Sf3b2-flox Mouse

SF3B2, a component of the U2 small nuclear ribonucleoprotein complex, plays a crucial role in RNA splicing. It is involved in regulating the splicing of target genes, which impacts various biological processes. The gene's function is significant in development, cell viability, and disease-related pathways [1,2,3,4,5,6]. Genetic models, such as gene knockout in different organisms, are valuable for studying its function.

Loss-of-function variants in SF3B2 have been identified as a prevalent genetic cause of craniofacial microsomia (CFM). In Xenopus, targeted morpholino knockdown of SF3B2 disrupts cranial neural crest precursor formation and leads to craniofacial cartilage defects [1]. In zebrafish, sf3b2-null mutants exhibit severe deficiencies in craniofacial cartilage and bone progenitors due to elevated apoptosis and reduced proliferation of cranial neural crest cells. RNA sequencing of these mutants reveals widespread disruption of mRNA splicing [9].

In human prostate cancer, SF3B2 is a critical determinant of androgen receptor splice variant-7 (AR-V7) expression, driving aggressive phenotypes, and its inhibition suppresses tumor growth [2]. In multiple sclerosis models, downregulation of SF3B2 preserves retinal ganglion cell survival and axonal integrity, and knockdown suppresses injury-response and necroptosis genes [3].

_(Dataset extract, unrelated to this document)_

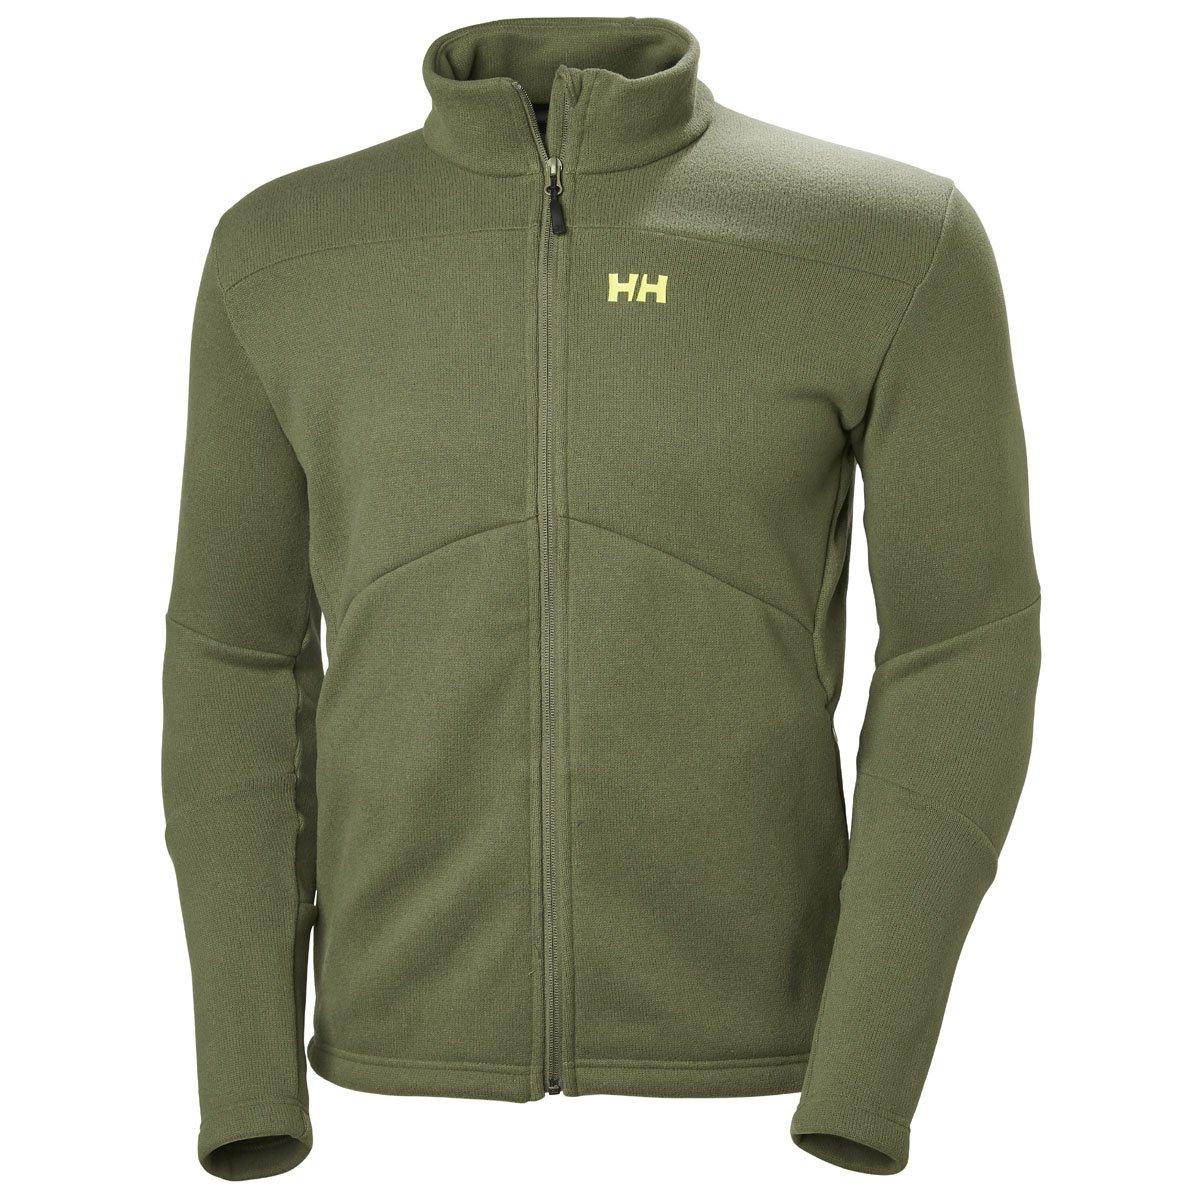 Helly Hansen Eq Black Midlayer Jacket

In addition, in mice, Prmt9 knockout, which affects the methylation of SF3B2, causes alternative splicing of many genes and abnormal synapse development [4]. In colorectal cancer, RNF6 promotes carcinogenesis by transcriptionally activating SF3B2, and targeting the RNF6-SF3B2 axis suppresses tumor growth [5]. In head and neck squamous cell carcinoma, SF3B2 binds to gene regulatory elements and mRNA to modulate transcription and RNA stability, promoting tumor growth [6].

A patient with a loss-of-function variant in SF3B2 presented with Hirschsprung disease and a complex cardiac defect without craniofacial features, expanding the phenotypic spectrum of SF3B2-related diseases [7]. Also, PGC1/PPAR drives cardiomyocyte maturation via SF3B2 [8].

In conclusion, SF3B2 is essential for RNA splicing and significantly impacts various biological processes. Model-based research, especially KO/CKO mouse models and other loss-of-function experiments in different organisms, has revealed its roles in diseases like CFM, prostate cancer, multiple sclerosis, abnormal synapse development, colorectal cancer, head and neck squamous cell carcinoma, Hirschsprung disease, and cardiac development. Understanding SF3B2's function provides insights into disease mechanisms and potential therapeutic targets.